How to prove it: This is easy to prove: Given two sets $S$ and $T$ in our family $\cal F$ , we first find a path of the form $S=S_0, S_1, S_2, \dots, S_t = T$ where, $|S_{i-1} \cap S_i| \ge k$ and $t \le F_k(d,n)$ . We let $B_i \subset (S_{i-1} \cap S_i )$ with $|B_i|=k$ and consider the family ${\cal F}'[B_i]$ . This is a family of $(d-k)$ -subsets of an $(n-k)$ set ( $N \backslash B_i$ ) . It follows that we can have a path from $S_{i-1}$ to $S_i$ in $G({\cal F}[B_i])$ of length at most $F(d-k,n-k)$ . Putting all these paths together gives us the required result. (We remind the notations at the end of this post.)

How to use it: It is not obvious how to use Proposition 1. Barnette’s argument from part 3 was about $k=1$ , and it used something a bit more sophisticated. Applying Proposition 1 directly for $k=1$ does not give anything non trivial. However, when $n$ is small compared to $d$ and $k$ is a small fraction of $d$ we can say something.

Let us start with an example: $n = 3d$ . let us choose $k= d/4$ . Consider a path $S=S_0,S_1,\dots S_t=T$ in $G({\cal F})$ from two sets $S$ and $T$ . Suppose also that in this path

(*) $S_i \cap T \subset S_{i+1}\cap T$ , for every $i$ .

Let $U_1$ be the last set in the path whose intersection with $S$ has at least $d/4$ elements. Let $U_2$ be the last set in the path whose intersection with $U_1$ has at least $d/4$ elements. I claim that $S, U_1, U_2, T$ is a path in $G_{d/4}({\cal F})$ .

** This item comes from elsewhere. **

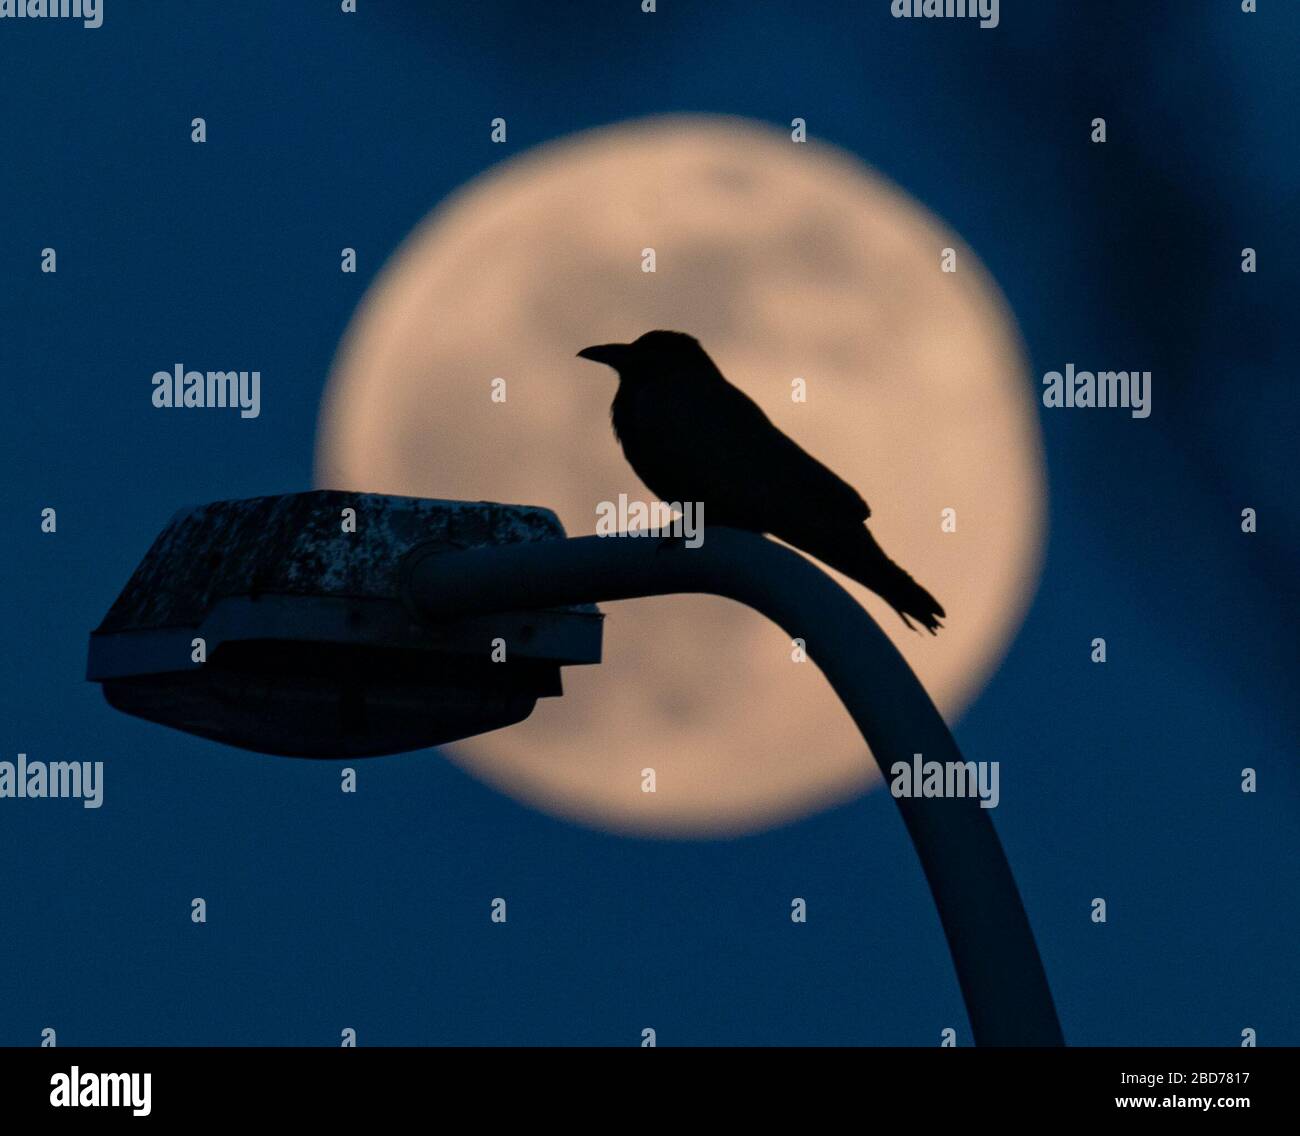 07 de abril de 2020, Hessen, Frankfurt/Main: Un cuervo se sienta en una linterna mientras la luna se eleva en el horizonte como la llamada superluna. La luna alcanza su perigeo, es decir, el punto más cercano a la órbita de la Tierra, en la noche del 7-8 de abril como luna llena y por lo tanto parece particularmente grande para el observador humano. Foto: Frank Rumpenhorst/dpa Foto de stock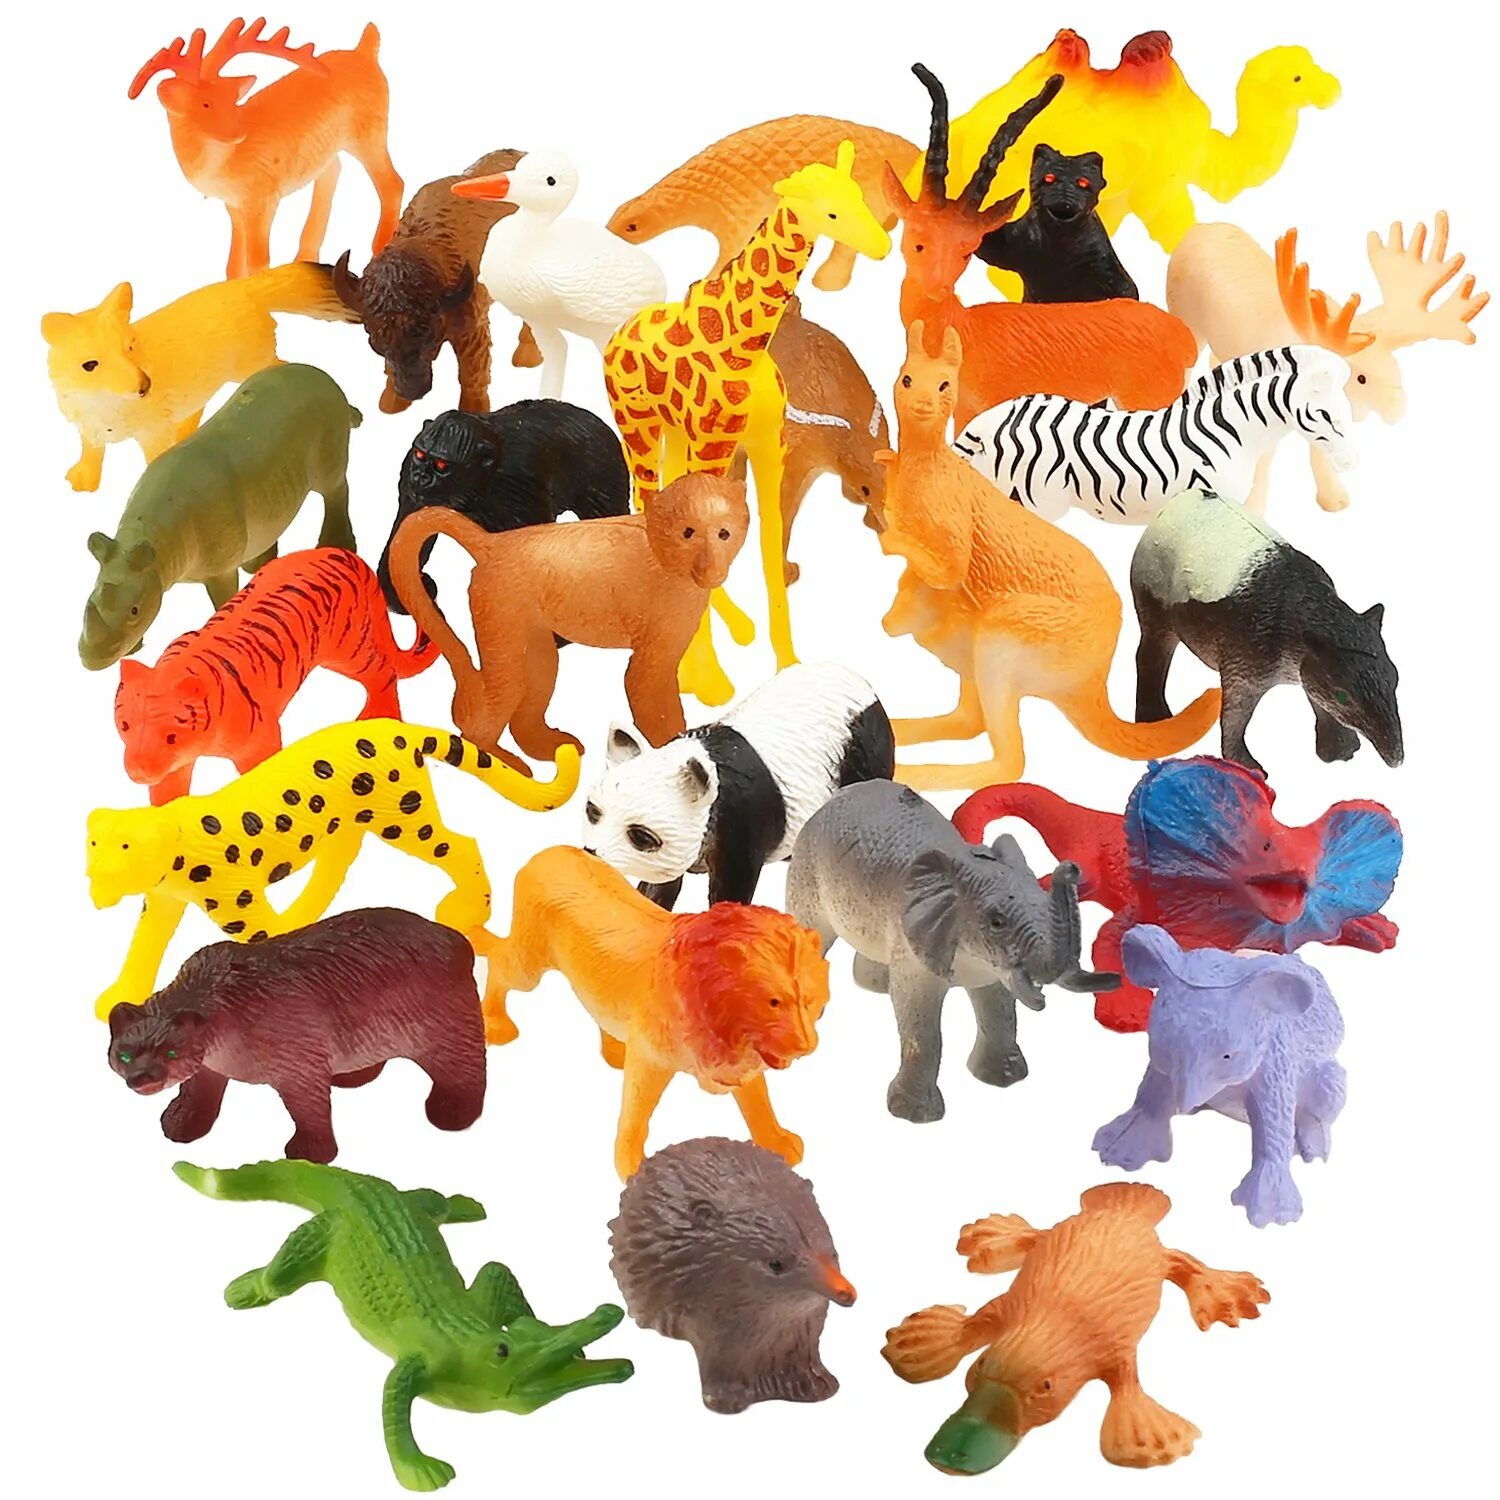 ПЭТ Энималс игрушка. Набор игрушек животных Pianet Wild сафари. DEAGOSTINI игрушки Wild animals Figure. Пластмассовые звери.

To see this note that $U_1$ must contain $3d/4$ new elements not already in $S$ . Next $U_2$ must contain at least d/2 elements not already in $S$ and $U_1$ . Together the three sets $S, U_1, U_2$ must therefore contain at least $d+3d/4+d/2$ elements. This means that their union has at least $9/4d$ elements, hence their union contains at least $d/4$ elements from $T$ and by (*) $U_3$ and $T$ share at least $d/4$ elements. Sababa.

This argument extends to the following proposition:

Proposition 2: $F_{d/(2r-2)} F(d,rd) \le r$ .

So what? How to use these propositions: Remember that the bound to beat was $3^d n$ (actually, Larman improved it to $2^d n$ , but in any case, it is exponential in $d$ .) Applying the two propositions and the trivial bound $F(d,n) \le {{n} \choose {d}}$ we can get

Proposition 3: $F(d,n) \le n^{2 \sqrt n}$ .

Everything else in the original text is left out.